Task to carry out:
Exact retyping of the data: please keep every word and drop each picture.
[Recorded information Boundary: Start]
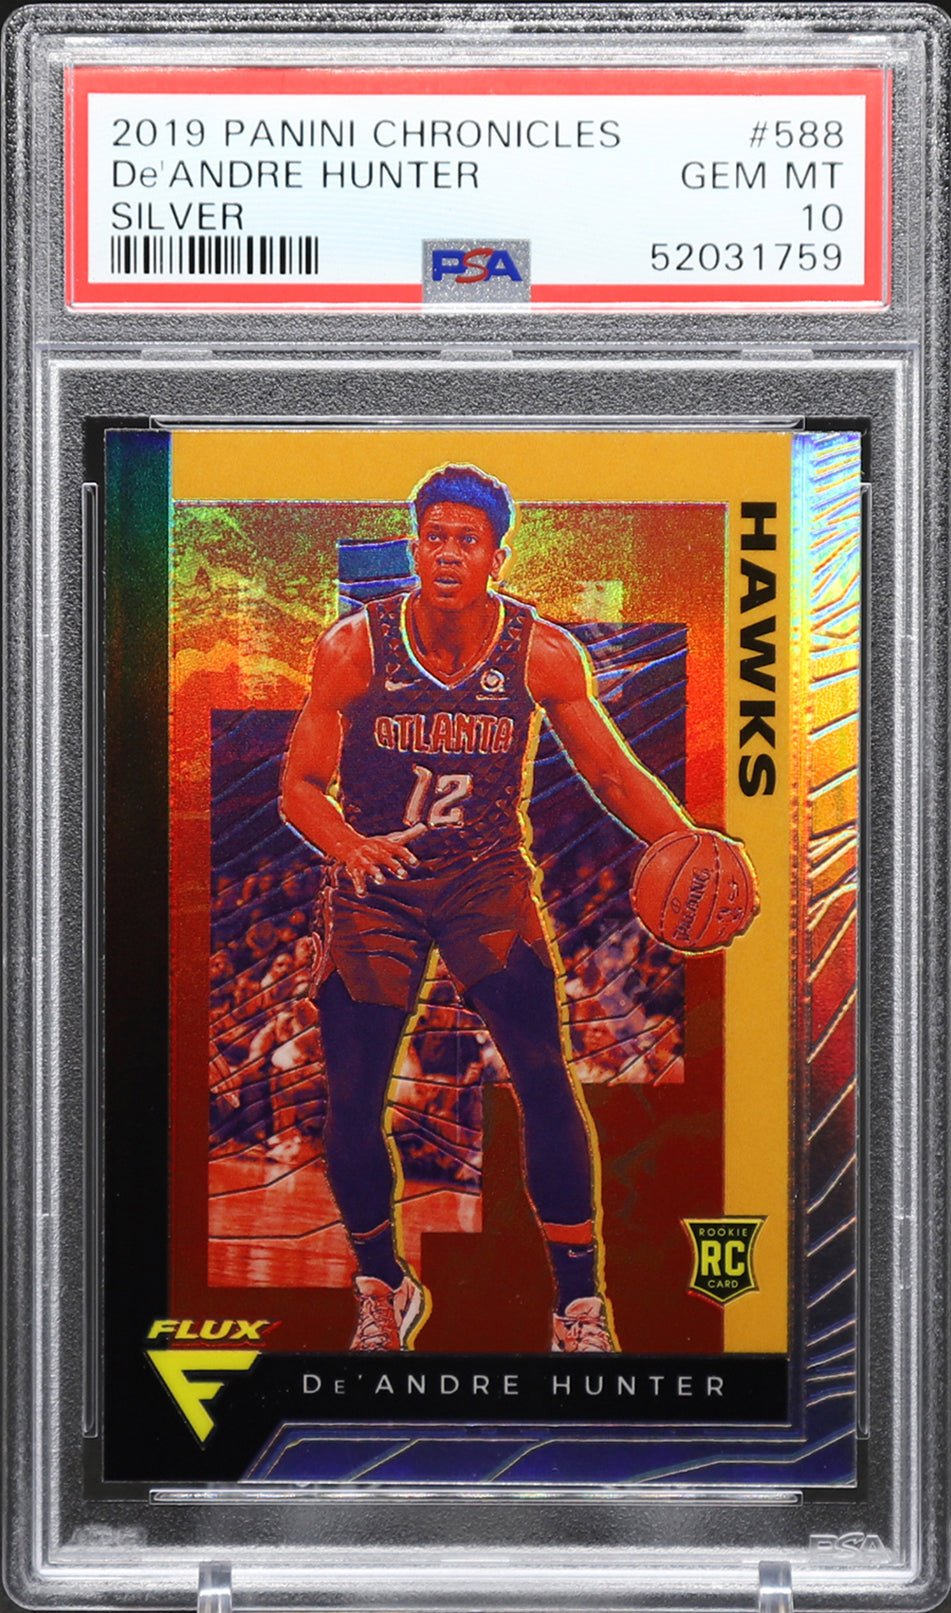 DE'ANDRE HUNTER PSA 10 2019-20 Panini Chronicles RC Flux Silver Prizm #588 Basketball Graded Cards Parallel RC - Hobby Gems
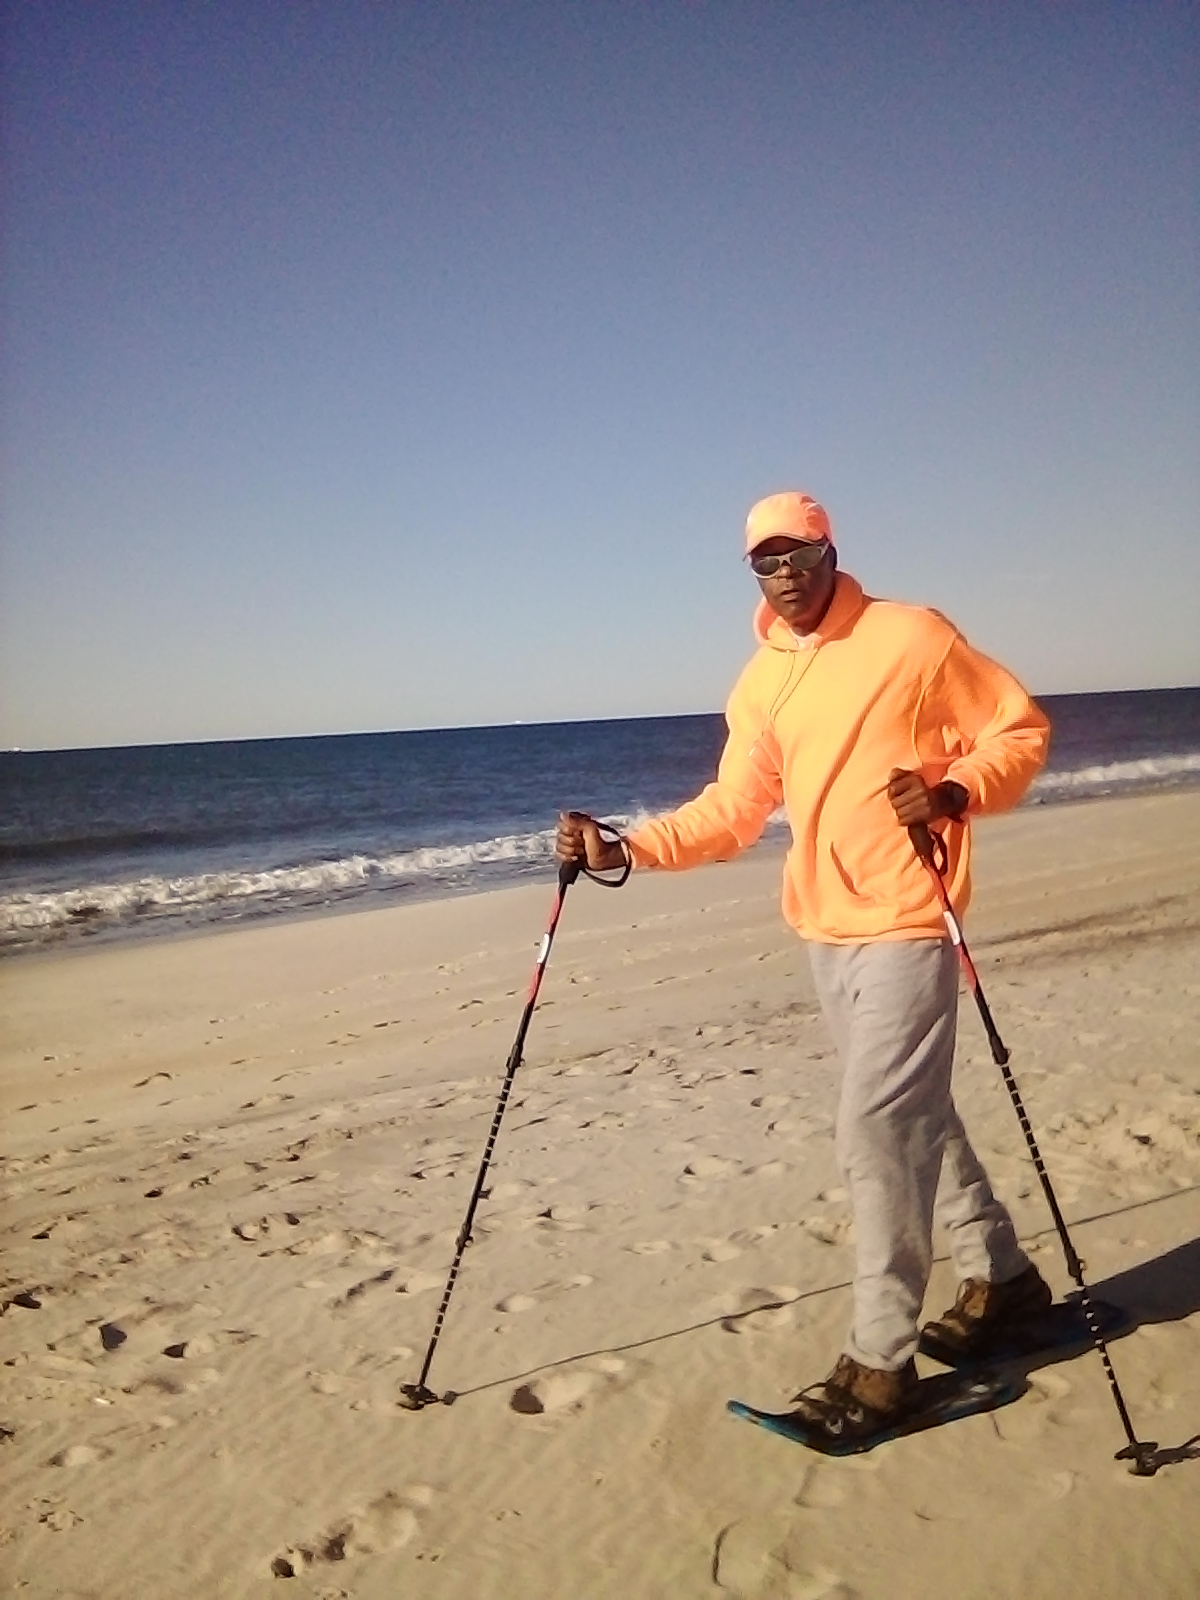 snowshoes on sand for fitness: man on beach wearing snowshoes and using poles
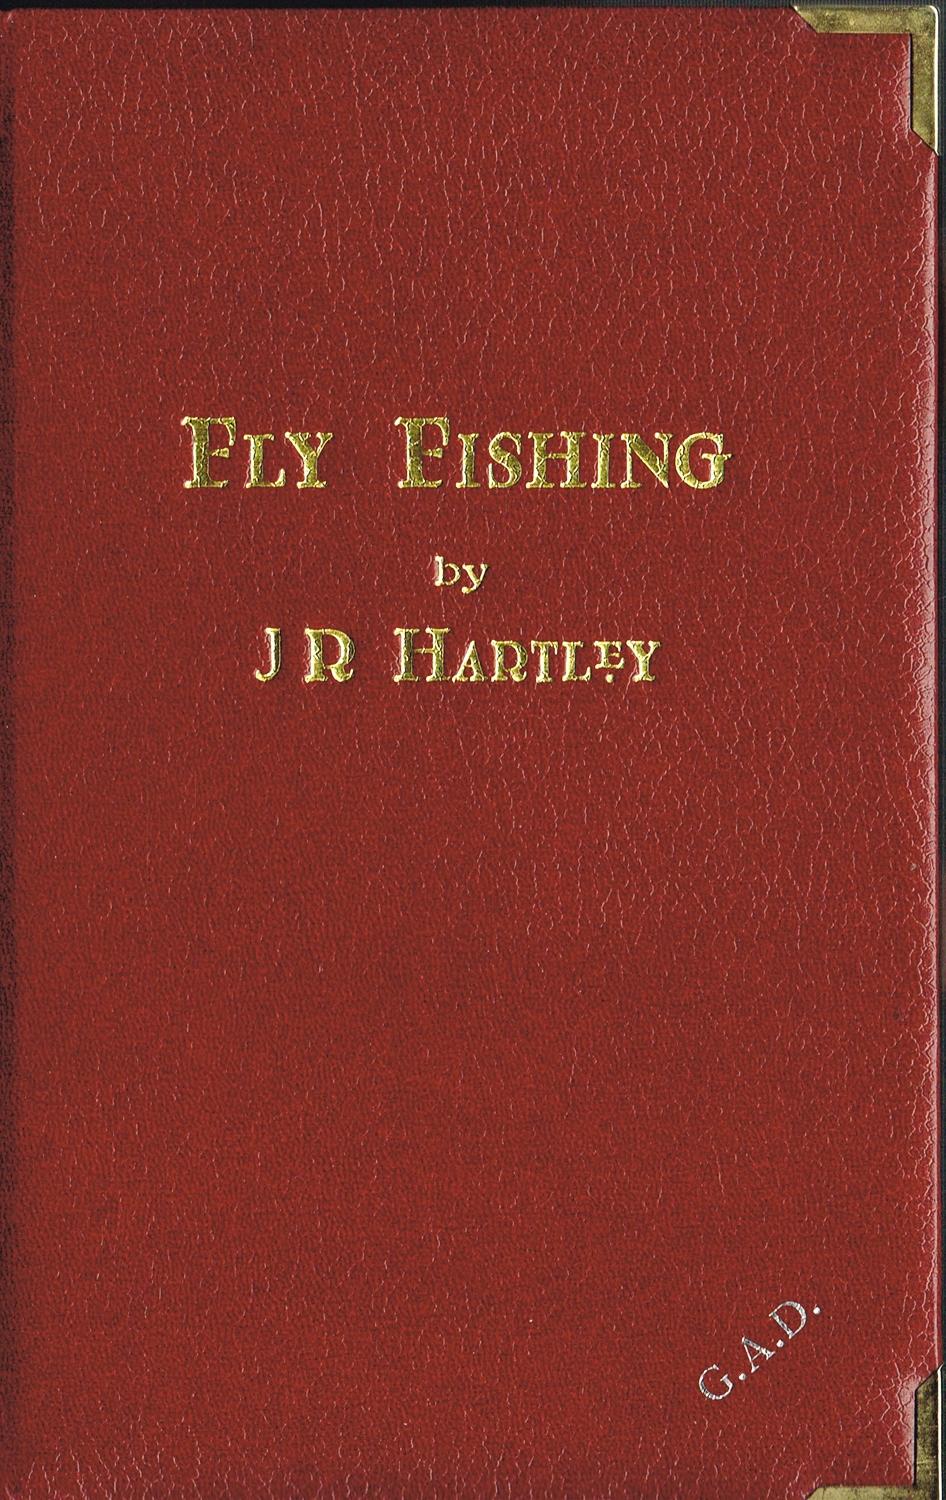 Fly Fishing : Memories Of Angling Days : by J.R.Hartley ; ( Illustrator )  Patrick Benson: New Hardcover (1992) | Sapphire Books
[Recorded information Boundary: End]
Output:
 DE'ANDRE HUNTER PSA 10 2019-20 Panini Chronicles RC Flux Silver Prizm #588 Basketball Graded Cards Parallel RC - Hobby Gems
 snowshoes on sand for fitness: man on beach wearing snowshoes and using poles
 Fly Fishing : Memories Of Angling Days : by J.R.Hartley ; ( Illustrator )  Patrick Benson: New Hardcover (1992) | Sapphire Books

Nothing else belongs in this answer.